Not an easy decision

While understanding the significance of the decision to scale back high school operations, Dr. Brice noted the impact on students and families. During the Sept. 9 Zoom meeting, he said: “My recommendation is that we open in a limited, in-person model, due to the inability to ensure that everyone maintains at least six feet of space between each student in class. That is not something I take lightly. It is not something I want to do. But here’s where I put a stake in the ground. We are dealing with a novel coronavirus. None of us are medical professionals, but we certainly have a responsibility to adhere to the guidance provided. And that is what the guidance provides. And that is what I want us to do for our students and staff. Do I think that this is hardship? Absolutely.

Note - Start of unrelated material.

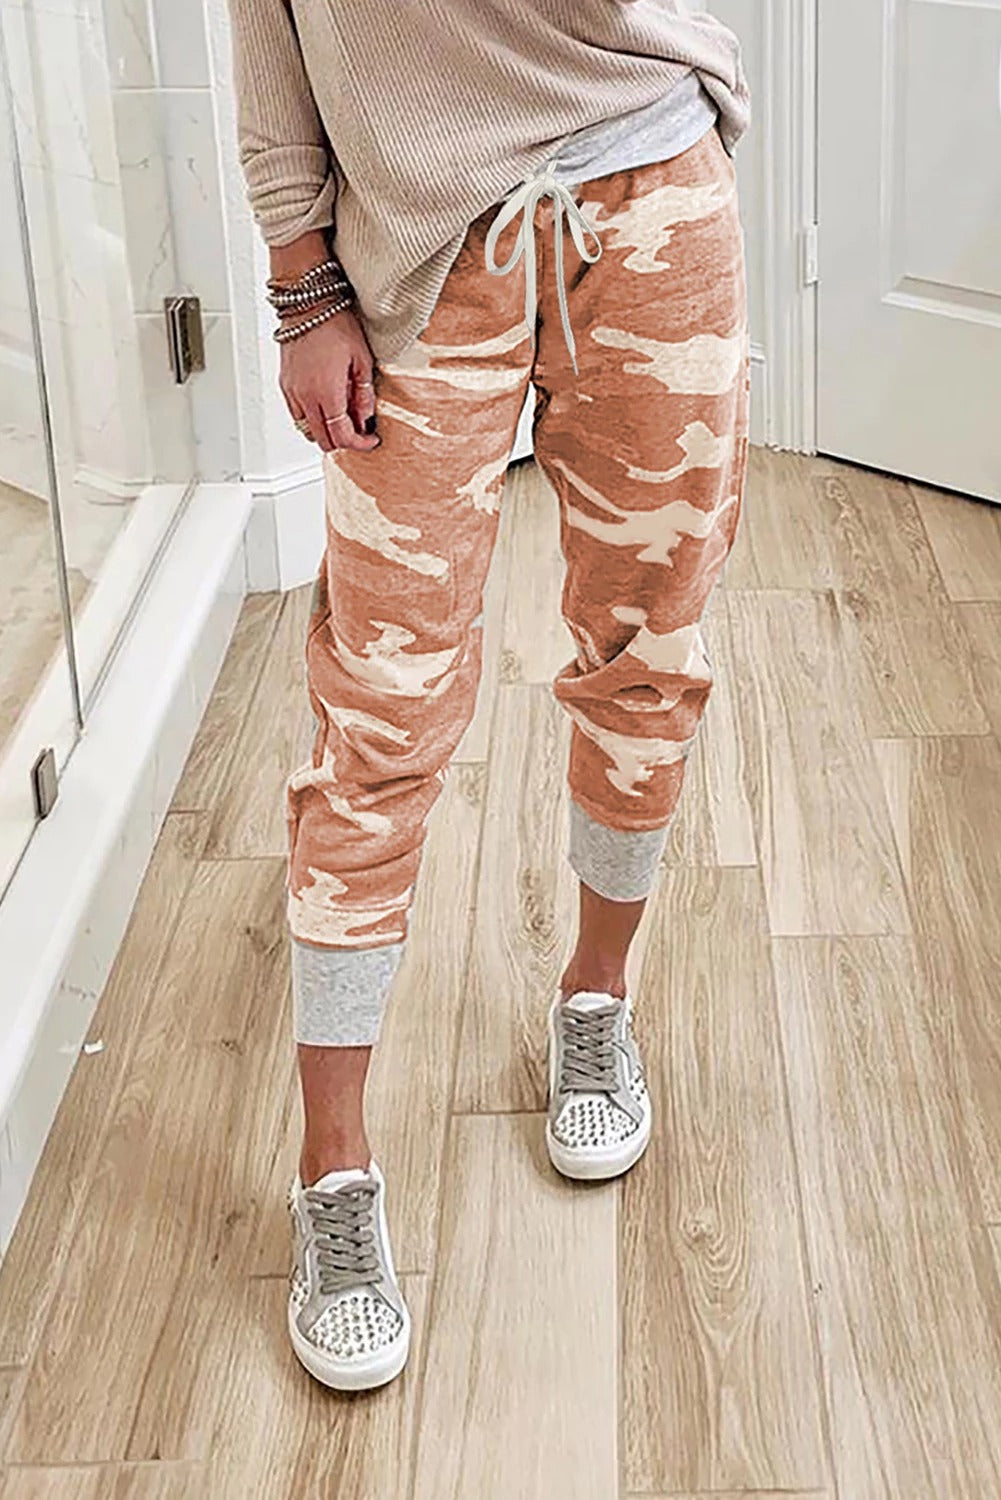 Pantalon de Sport Femme Tricot Imprime Camouflage Orange

“Let me be clear to everyone in our community, all of our parents, all of our students: The absolute best type of education is for all students to be in class all the time, with teachers. At this time, we are unable to do that. We must adhere to the guidance provided. I can’t speak to what other school districts are doing. I can’t speak to why they’re making the decisions they’re making. But I can speak to what decision I want us to make. And the first priority that we have for everyone, students and staff alike, is health and safety.”

The school committee approved his recommendation unanimously and the building opened to approximately 175 of its 990 students, or 18 percent of the full student body, on Tuesday.